I walked into a dark theater one late afternoon that was showing “Kingsman: The Secret Service,” and emerged two hours later with eyes glossed over by the shock of the experience. What had I just seen? What had my peers in that dark crowded room felt as I was preoccupied with my own dropped jaw and confounded stares? If one of the risks of going to the movies is walking away feeling like our minds have been contorted by the whim of inexplicable ideas, then here is the poster child for the most bizarre of theatrical experiences. Promotional materials suggest that the film is actually “based on a comic book,” and perhaps that says something rather progressive for the medium since I was last a collector. It takes more than just imagination to so thoroughly engage characters in a world this maddening: it requires, I suspect, some level of warped humor as well, and the idea that it is all so thoroughly realized within that subtext gives it a kind of perverse quality, like the artistic delusions of the criminally insane.

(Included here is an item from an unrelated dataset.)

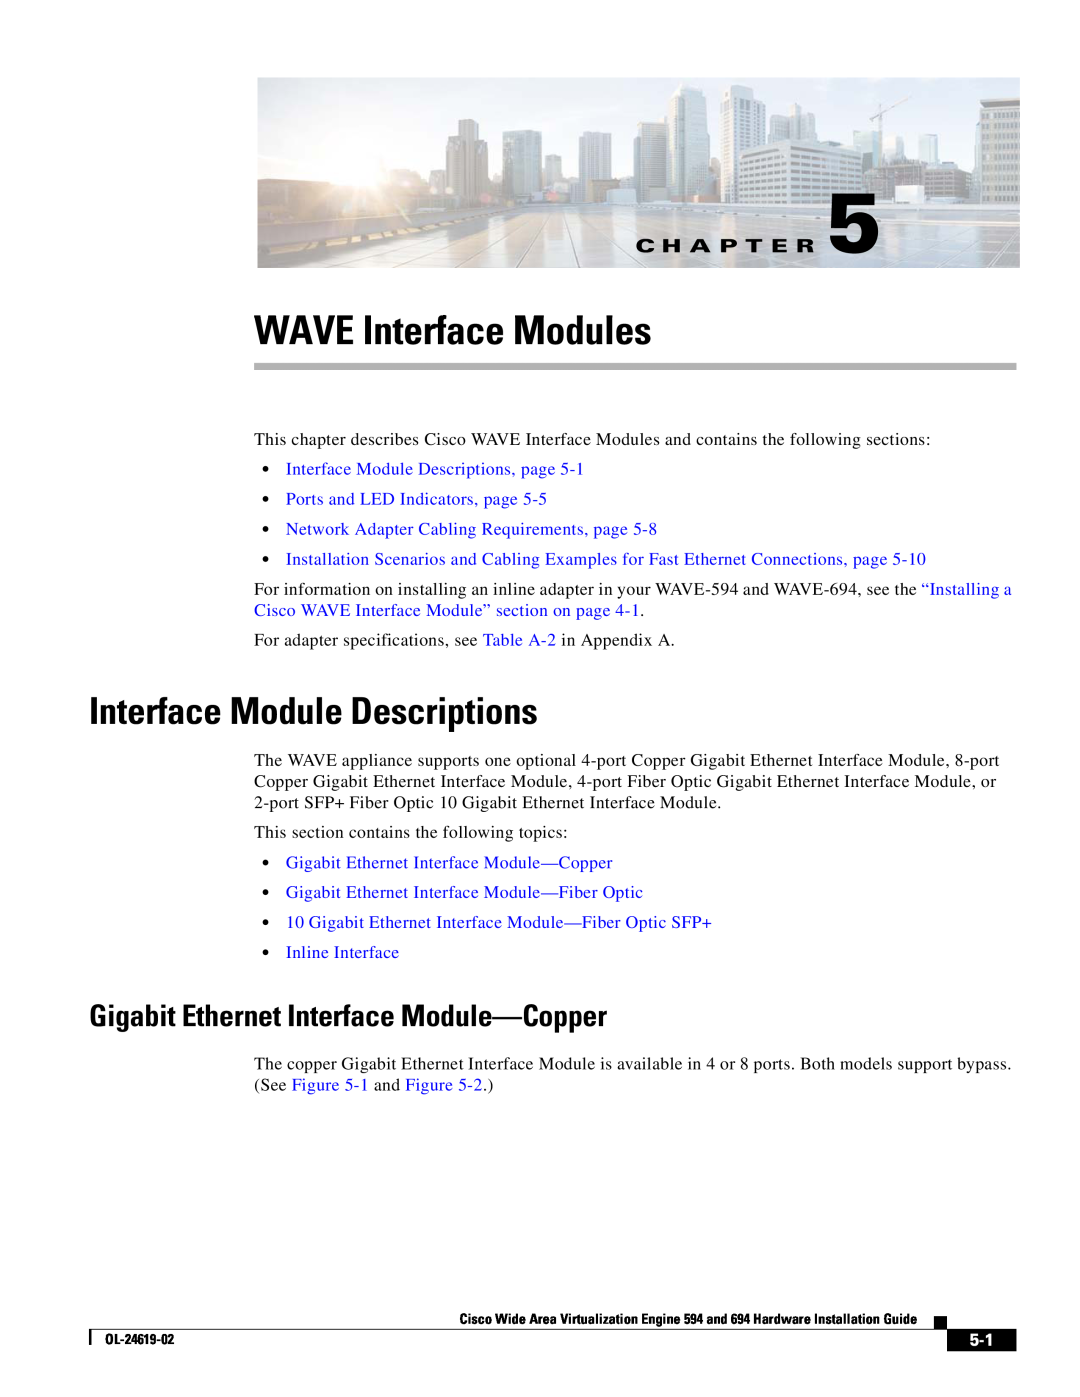 Cisco Systems 694 manual WAVE Interface Modules, Interface Module Descriptions, Gigabit Ethernet Interface Module-Copper

That is not to say what we observe is without merit, mind you. Given the eccentric nature of the material, “Kingsman: The Secret Service” is distinctly watchable, and made all the more so because it fills the images with a comic sensibility that is endlessly fascinating, even if we are not always reduced to uproarious laughs. I smiled more than I laughed, but I did so quite zealously; the energy of the screenplay does not betray the motives of the direction, and the actors read through their lines as if joyfully intoxicated by the sheer absurdity of it all. Not a single moment of the plot or its ensuing predicaments makes a shred of sense, but that’s exactly the point: this is a story about the most ridiculous secret agency ever seen on film, and for over two hours their antics produce sensations so foreign and outlandish that we walk away thoroughly enamored by the experience, even with the acknowledgment that it all basically amounts to screwball satire.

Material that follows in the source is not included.